中国科学院软件研究所机构知识库
Advanced  
ISCAS OpenIR  > 中科院软件所  > 中科院软件所
题名:
数字笔迹的结构分析与识别
作者: 敖翔
答辩日期: 2007-01-15
授予单位: 中国科学院软件研究所
授予地点: 软件研究所
学位: 博士
关键词: 数字笔迹 ; 结构分析 ; 多方向文本行 ; 图文分离 ; 流程图 ; 多通道纠错 ; 智能白板
其他题名: Analyzing and Recognizing the Structures of Digital Ink
摘要: 数字笔迹,是指由笔输入设备产生的带有空间、时间和压力等丰富属性的在线笔画数据,它随着基于“纸笔”隐喻的笔式用户界面的兴起而诞生,并得到了广泛的关注、研究和应用。数字笔迹是一种自然、快捷的信息采集和利用的方式。在使用数字笔迹的笔式用户界面中,用户既能书写模拟物理纸笔效果的笔迹,又能让计算机理解识别笔迹,高效地存储与传输笔迹,快速地检索笔迹,获得物理纸笔没有的便捷。作为重要的使能技术,数字笔迹的计算技术为笔式用户界面的自然性和高效性提供了保障。 在各类数字笔迹计算技术中,笔迹的结构分析技术非常重要,正是它赋予了笔式用户界面智能,让计算机能理解用户输入的笔迹,获得笔迹的结构化表达,为笔迹的结构化编辑和向规范数据的转换打下基础。
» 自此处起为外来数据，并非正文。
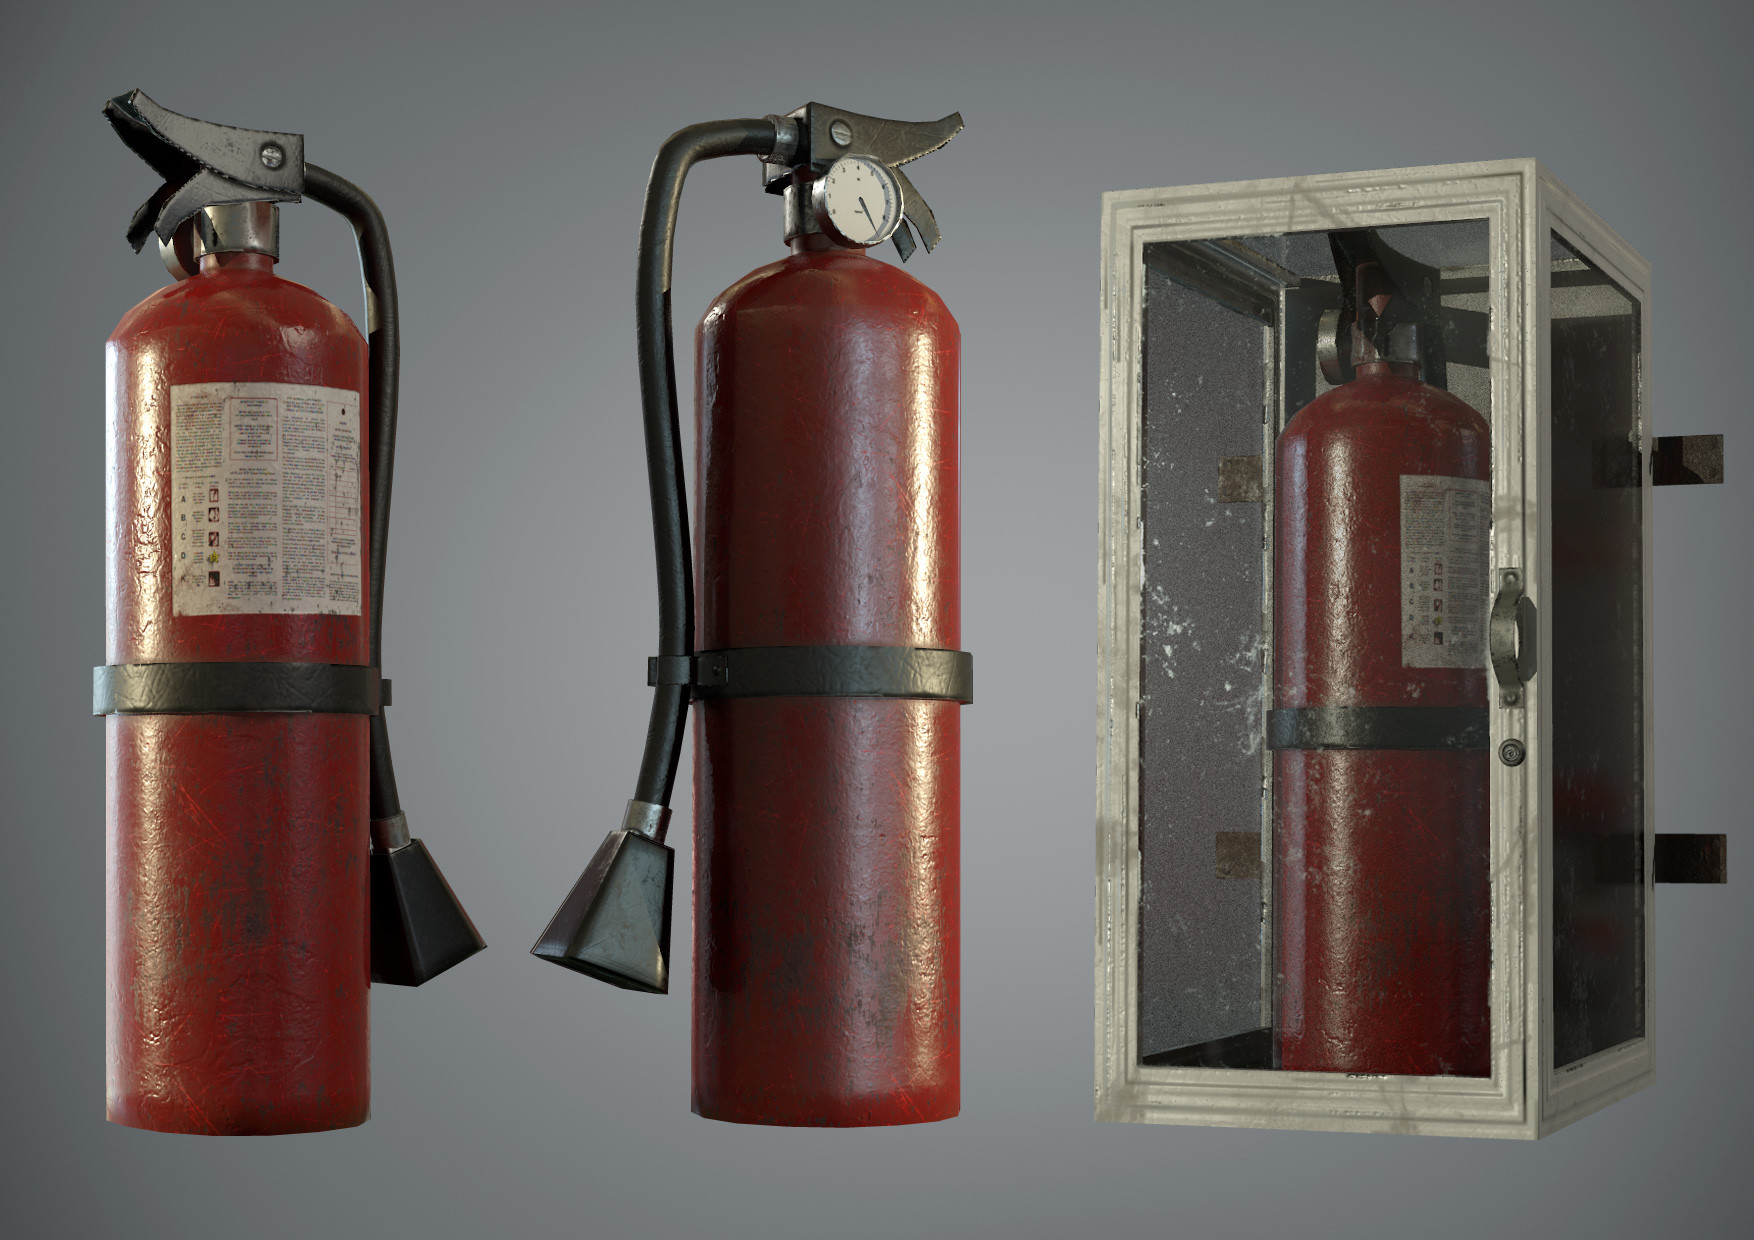 Andrew constantine fire extinguisher

本文研究正是基于这样的思路而开展的。本文首先概述了数字笔迹产生的背景、数字笔迹的构成和笔迹计算技术,特别分析了数字笔迹结构和及其分析与识别的相关研究。之后,本文对数字笔迹的多方向行提取、图文分离、流程图结构理解这三个问题进行了讨论,对手写文字笔迹识别错误的多通道纠错方法进行了分析,最后研发了一个笔式智能白板会议系统。本文研究内容和创新点如下: 1. 数字笔迹的多方向文本行提取方法 文本行是一种重要的文本笔迹结构,然而由于笔迹内在的不规范性,多方向的文本行结构并不易提取。本文提出了一个基于视觉感知的多方向数字笔迹文本行提取方法。该方法采取自底向上的策略,首先将在空间和时间上邻近的笔画组成笔画块,然后基于这些笔画块建立链接模型,用来评估潜在的行排列结构,最后采用分支限界搜索找出最优行排列。实验表明,该方法能有效地提取数字笔迹的多方向文本行结构,并适用于弯曲文本行的提取。 2. 数字笔迹的图文分离方法 人们书写的笔迹经常同时包含文字和图形。本文介绍了一种数字笔迹的图文分离方法。该方法认为,图形笔迹是不具备合理文本排列的笔迹。因此该方法首先利用笔迹的文本分析技术,将笔迹文本结构化,然后以笔画块为单位,提取该笔画块自身的特征和其周围的文本排列特征,再利用SVM分类器,将每个笔画块分类为文本或者图形。与另外三种图文分离算法的对比评估表明,该方法的分类效果较好,适用于非特定领域数字笔迹的图文分离。 3. 数字笔迹中的流程图结构理解方法 流程图具有丰富的空间信息结构。本文提出了一种数字笔迹的流程图结构理解方法。该方法首先利用单个笔画及其空间时间的上下文特征,采用SVM分类器将流程图中的文字笔画和图形笔画区分开,然后利用图搜索算法和顶点染色算法,从图形笔画中找出流程图的“容器——连接符”结构,最后将文字笔画填充入此结构,从而完成流程图结构理解。本文还提出了利用笔手势纠正流程图识别错误的方法,以及基于结构化的流程图的结构化编辑操作。评估表明本文算法能有效提取笔迹的流程图结构,其结构化编辑自然高效。 4. 连续手写汉字识别的多通道纠错方法 在采用手写识别的系统中,用户满意度不但由识别率决定,而且还受识别错误纠正过程影响。本文提出了一种基于语音复述的多通道连续手写识别错误纠正方法。该方法不但可以纠正字符识别错,还可以纠正字符提取错。该方法的核心是一个多通道融合算法。该算法通过利用用户语音约束最优手写识别结果的搜索,从而达到纠错目的。评估表明,该融合算法能有效纠正上述两类错误;与另外两种手写识别错误纠正方法相比,本文提出的方法具有更高的纠错效率。 5. 笔式智能白板会议系统 白板是一种在许多场合使用的信息交流的工具,本文介绍了一个基于电子白板的笔式智能白板会议系统。该白板系统面向办公人群,用于非正式的会议交流。用户能通过笔式交互,准备白板提纲,进行会议。当会议结束时,用户能将书写的笔迹整理为正式的会议记录。该白板会议系统基于笔者主导开发的笔迹计算工具包(InkLib),使用了大量笔迹计算技术,保证了自然高效的白板交互过程以及便捷的白板笔迹整理过程。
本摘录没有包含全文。